Data
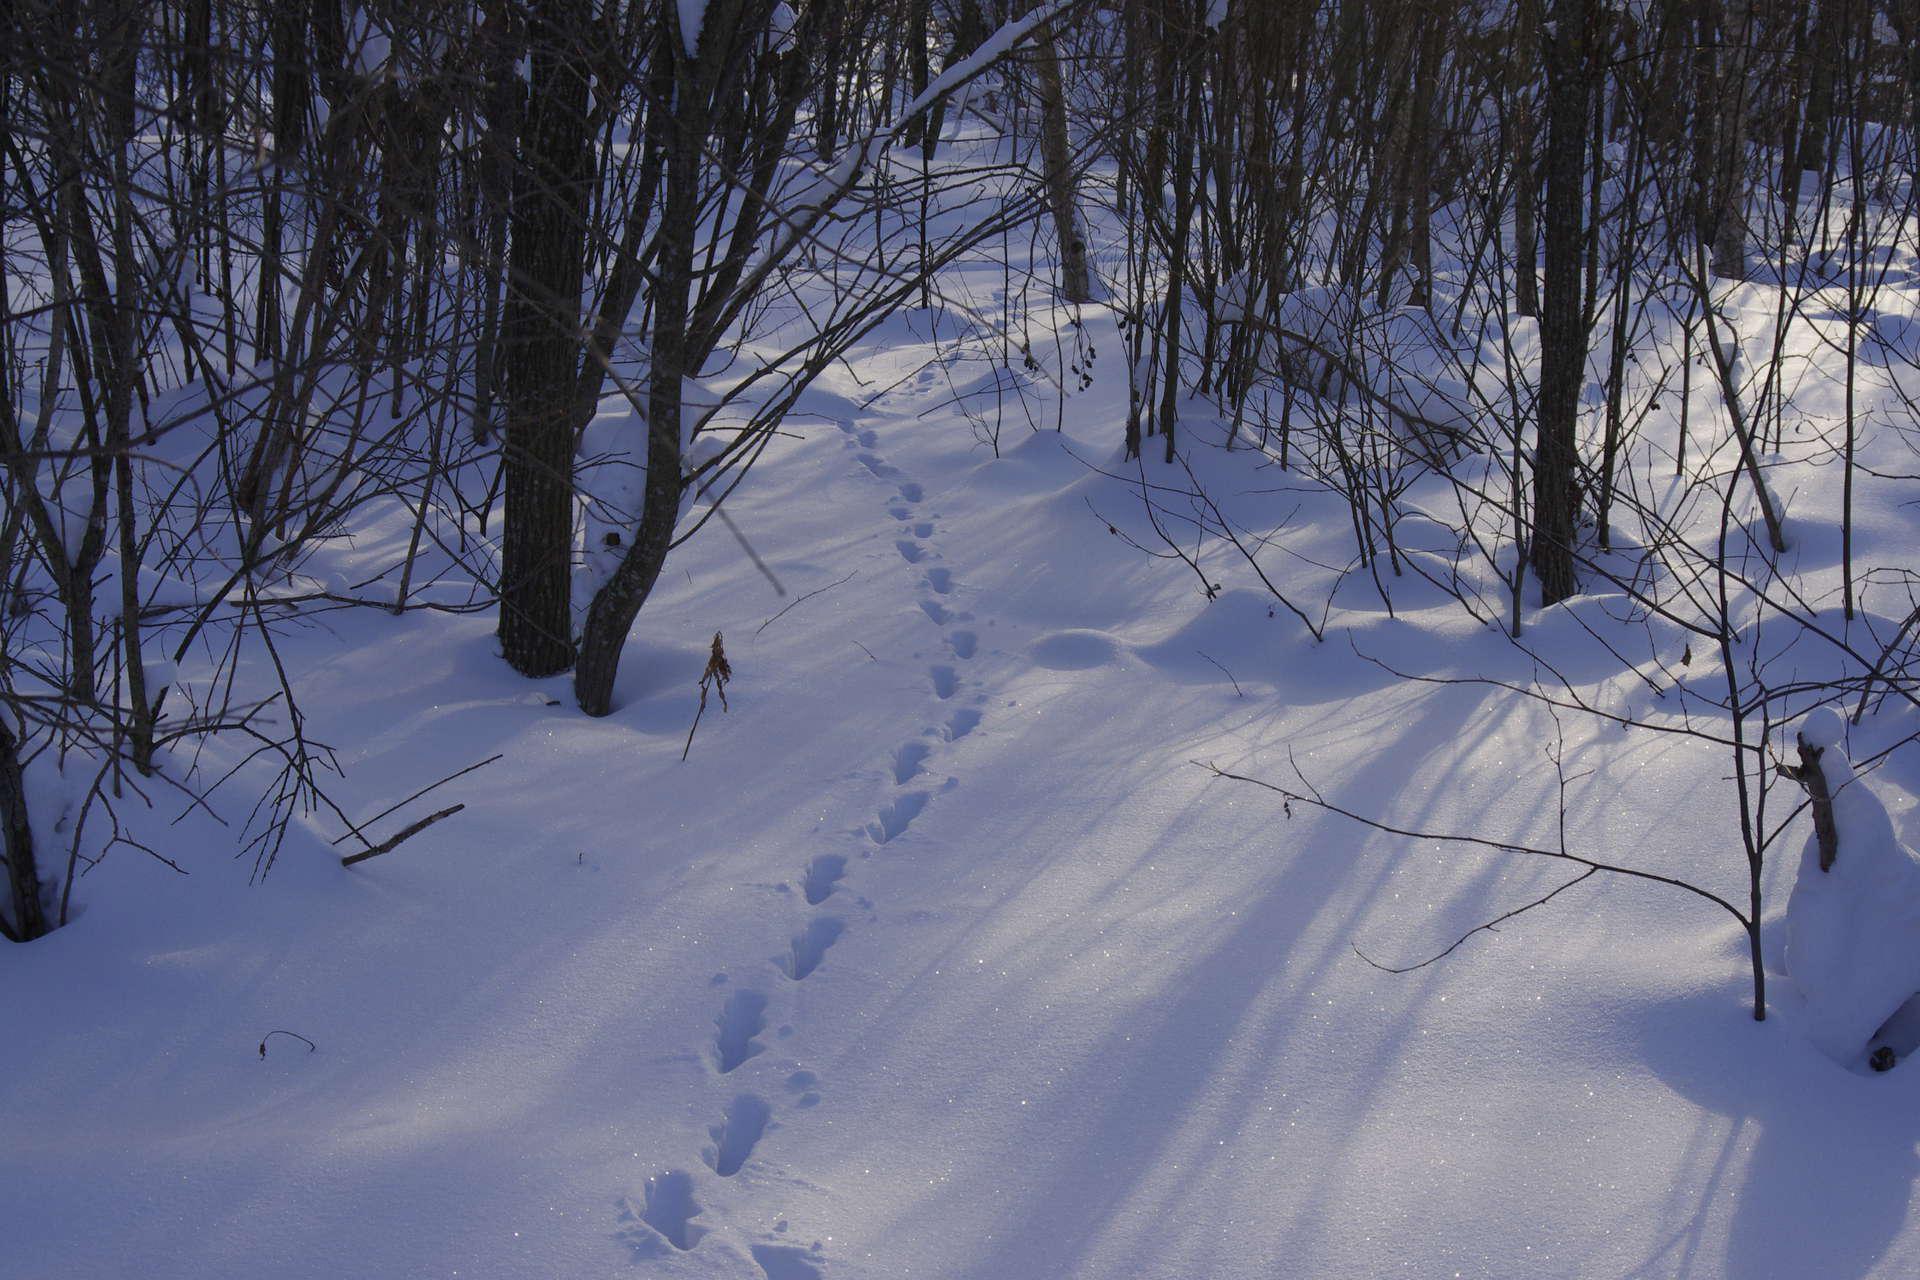 Заячьи и лисьи следы на снегу. Следы на снегу в лесу. Звериные тропы зимой. Следы зверей в зимнем лесу. Следы лисицы зимой.
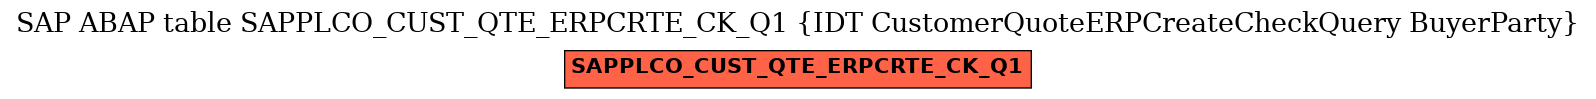 E-R Diagram for table SAPPLCO_CUST_QTE_ERPCRTE_CK_Q1 (IDT CustomerQuoteERPCreateCheckQuery BuyerParty)
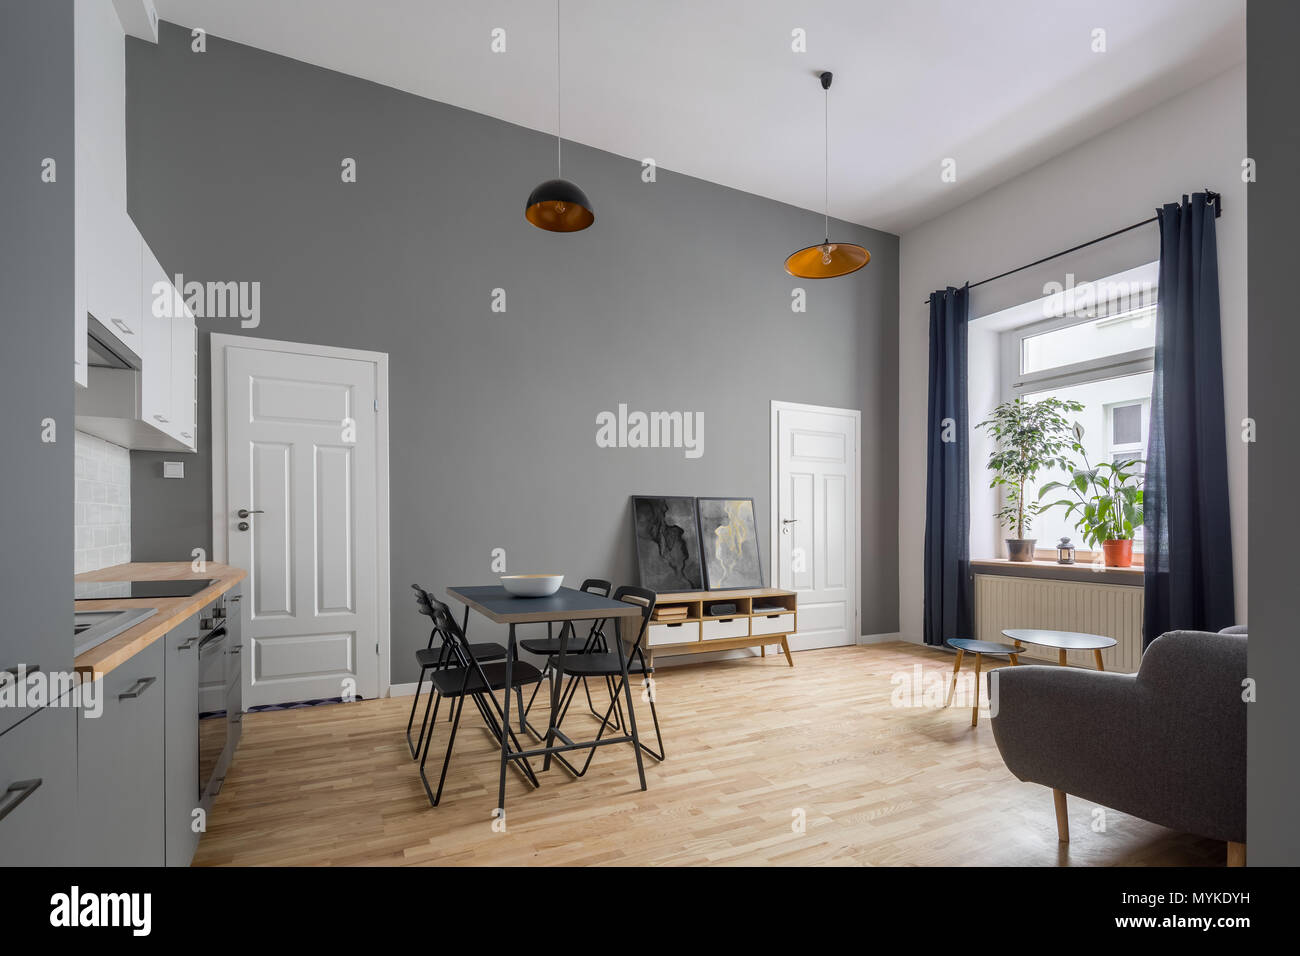 Moderne offene Wohnung in Grau mit Küchenzeile und einfache Tabelle Stockfoto

Work item
Copy out every line of the material above precisely, omitting the pictures.

Exercise solution
 Заячьи и лисьи следы на снегу. Следы на снегу в лесу. Звериные тропы зимой. Следы зверей в зимнем лесу. Следы лисицы зимой.
 E-R Diagram for table SAPPLCO_CUST_QTE_ERPCRTE_CK_Q1 (IDT CustomerQuoteERPCreateCheckQuery BuyerParty)
 Moderne offene Wohnung in Grau mit Küchenzeile und einfache Tabelle Stockfoto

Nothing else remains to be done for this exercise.